Эта легенда, история об отрубленных руках, превратившихся в сообщение, напомнила Синявскому писательскую судьбу Варлама Шаламова. Саму же шаламовскую прозу Синявский сравнивал со строевым лесом. Со срезом лагерного и человеческого материала, художественные достоинства которого заключаются именно в аутентичности. В том, насколько точно и удачно шаламовский текст воспроизводит физический, физиологический лагерный опыт.
«„Художественные средства“ в рассказах Шаламова сводятся к перечислению наших остаточных свойств: сухая как пергамент, потрескавшаяся кожа; тонкие, как веревки, мускулы; иссушенные клетки мозга, которые уже не могут ничего воспринять; обмороженные, не чувствительные к предметам пальцы; гноящиеся язвы, замотанные грязными тряпочками. Се — человек» [482].
Этот вывод интересен тем, что его автор — литературовед и писатель, который (в теории) не мог не заметить, что арсенал художественных средств Шаламова никак не сводим к «перечислению остаточных свойств». Что палитра Шаламова вызывающе богата. Абрам Терц, написавший «Прогулки с Пушкиным», не опознает ни зачина «Играли в карты у коногона Наумова» [483], ни иных — многочисленных — отсылок к классике. Автор «Снов на православную Пасху» как бы не видит огромного пласта евангельских аллюзий, цитат, освоенных сюжетов.

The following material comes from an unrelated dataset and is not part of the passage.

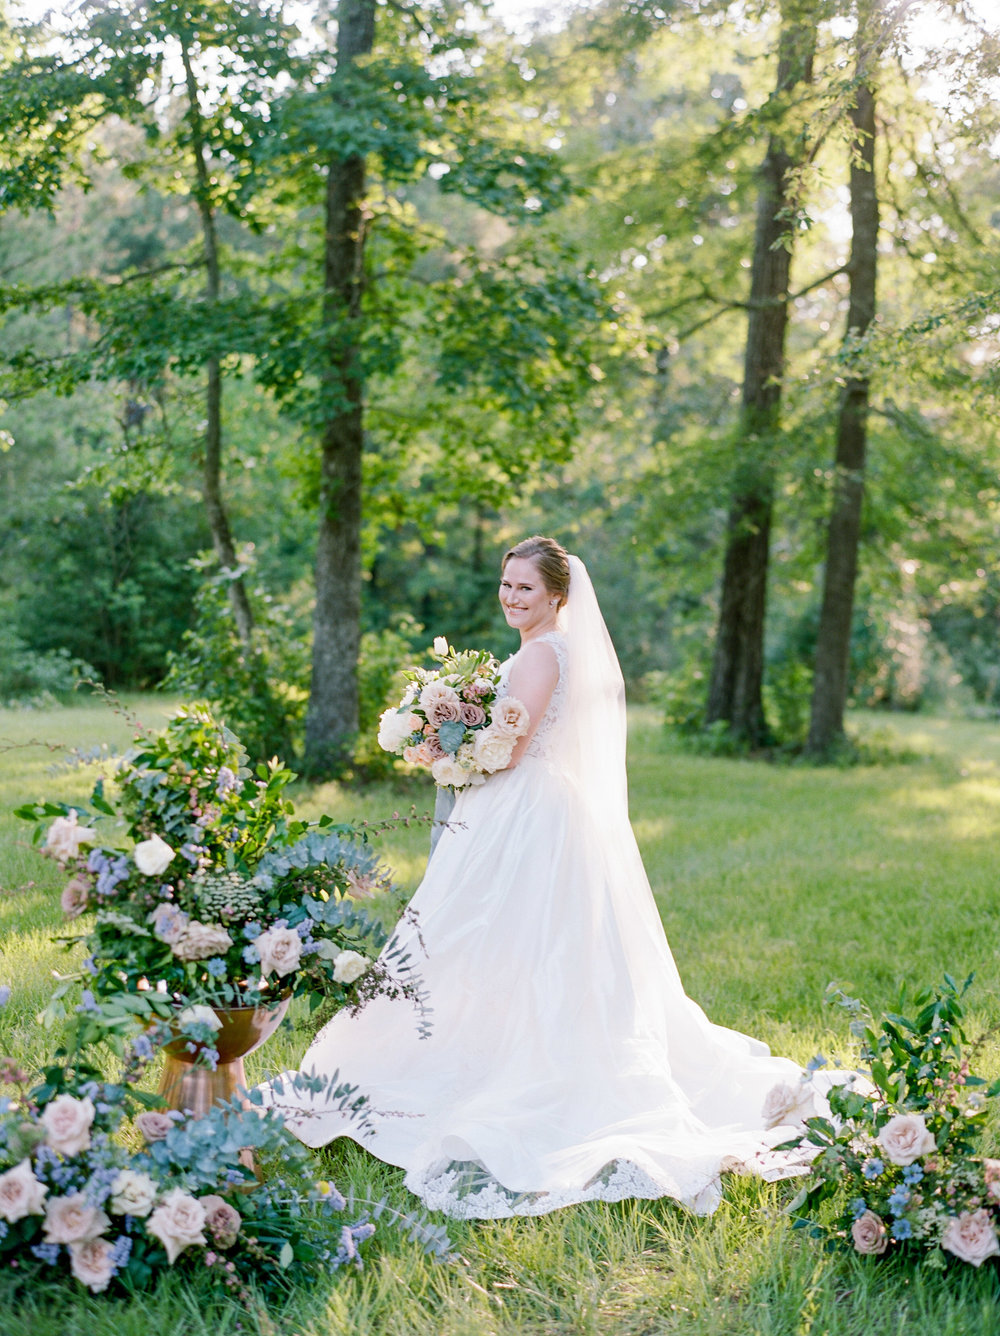 Houston-Fine-Art-Film-Destination-Wedding-Photographer-Top-Best-Luxury-Josh-Dana-Fernandez-Photographer-Austin-Texas-7.jpg

В предыдущих работах мы рассматривали некоторые особенности шаламовской риторики и восприятия лагерной литературы, которые, на наш взгляд, способствовали возникновению этого странного феномена: устойчивой и даже несколько агрессивной трактовки демонстративно художественных текстов как «документальных».

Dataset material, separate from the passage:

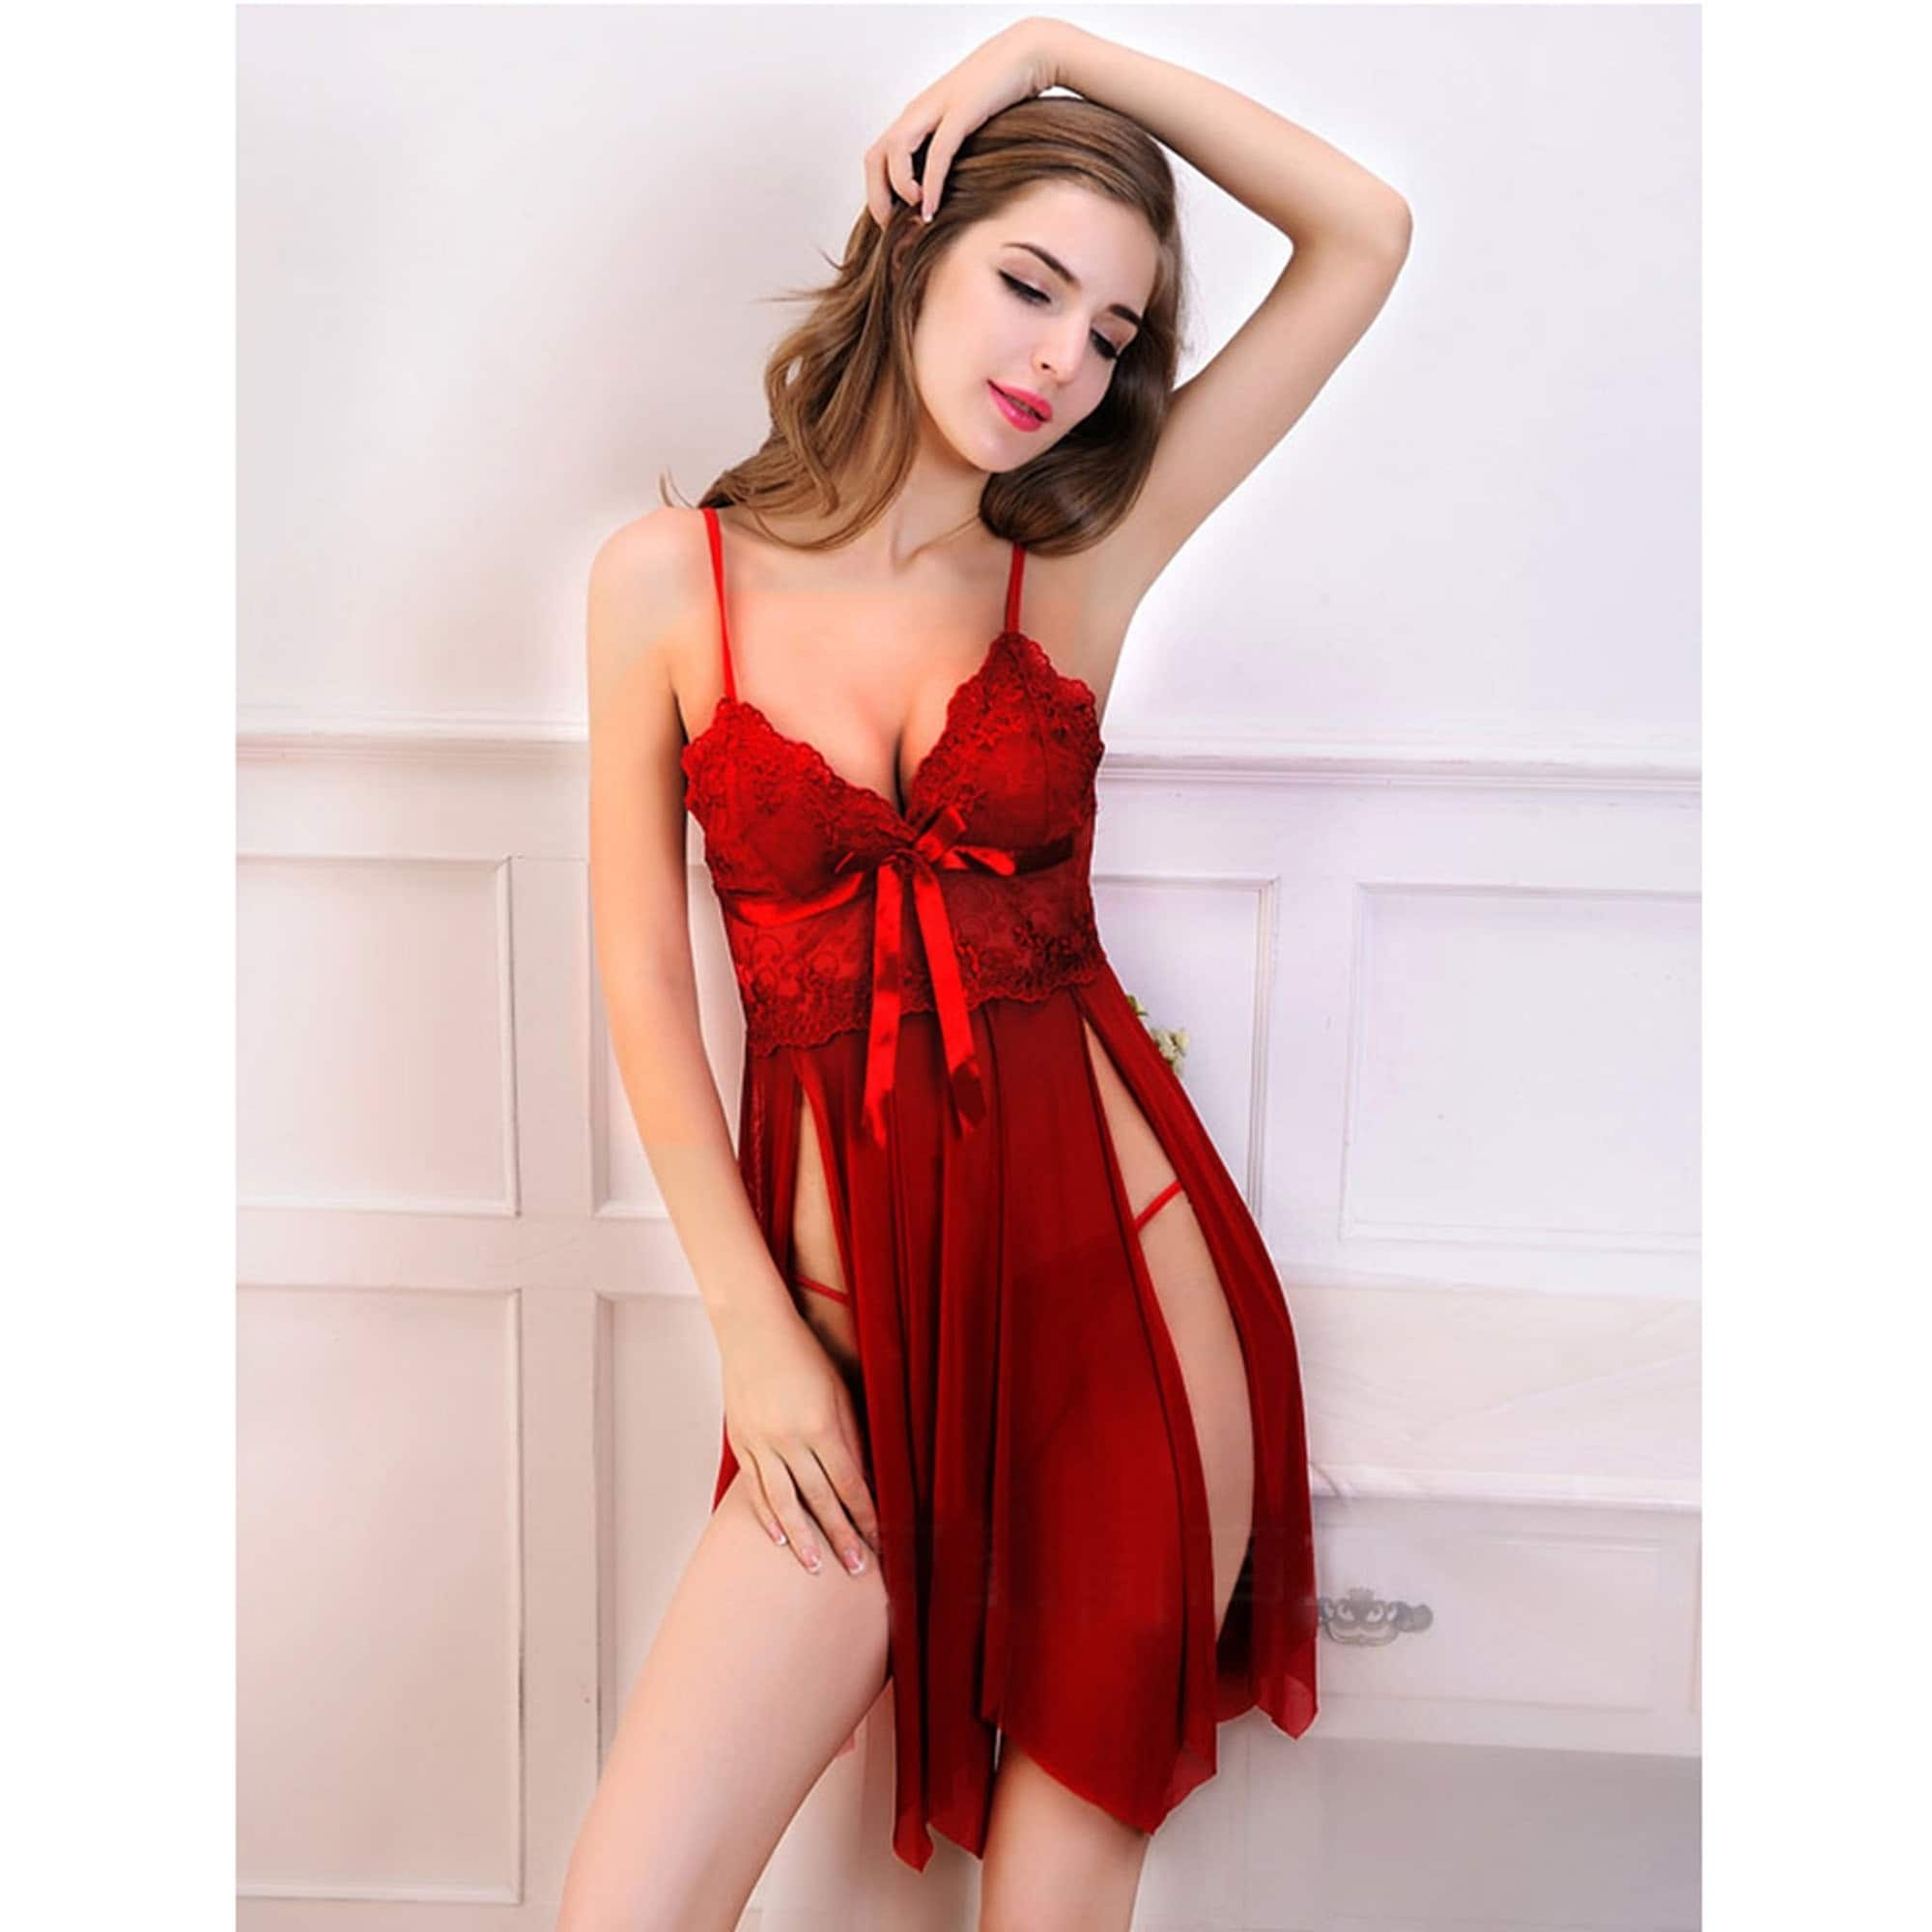 dfea0ae721ba Shop Acappella Sexy Sleep Dress Mesh Floral Lace Satin Bow - Free ...

Эта модель прочтения возникла одновременно с появлением самих «Колымских рассказов». Как вспоминает Сергей Неклюдов, «проза вызывала больший интерес, но в Шаламове-прозаике ценился умелый очеркист, летописец Колымы; к его рассказам относились скорее как к документу, чем как к произведениям художественной литературы» [484].
Под «документом» здесь, конечно же, подразумевается фактуальное, невымышленное повествование. Собственно, принадлежность «Колымских рассказов» к литературе факта — и точность самих фактов — очень долго не ставили под сомнение даже идеологические оппоненты Шаламова:
«Этот сборник не может принести читателям пользы, так как натуралистическая правдоподобность факта, которая в нем, несомненно, содержится, не равнозначна истинной, большой жизненной и художественной правде, которую читатель ждет от каждого художественного произведения» [485].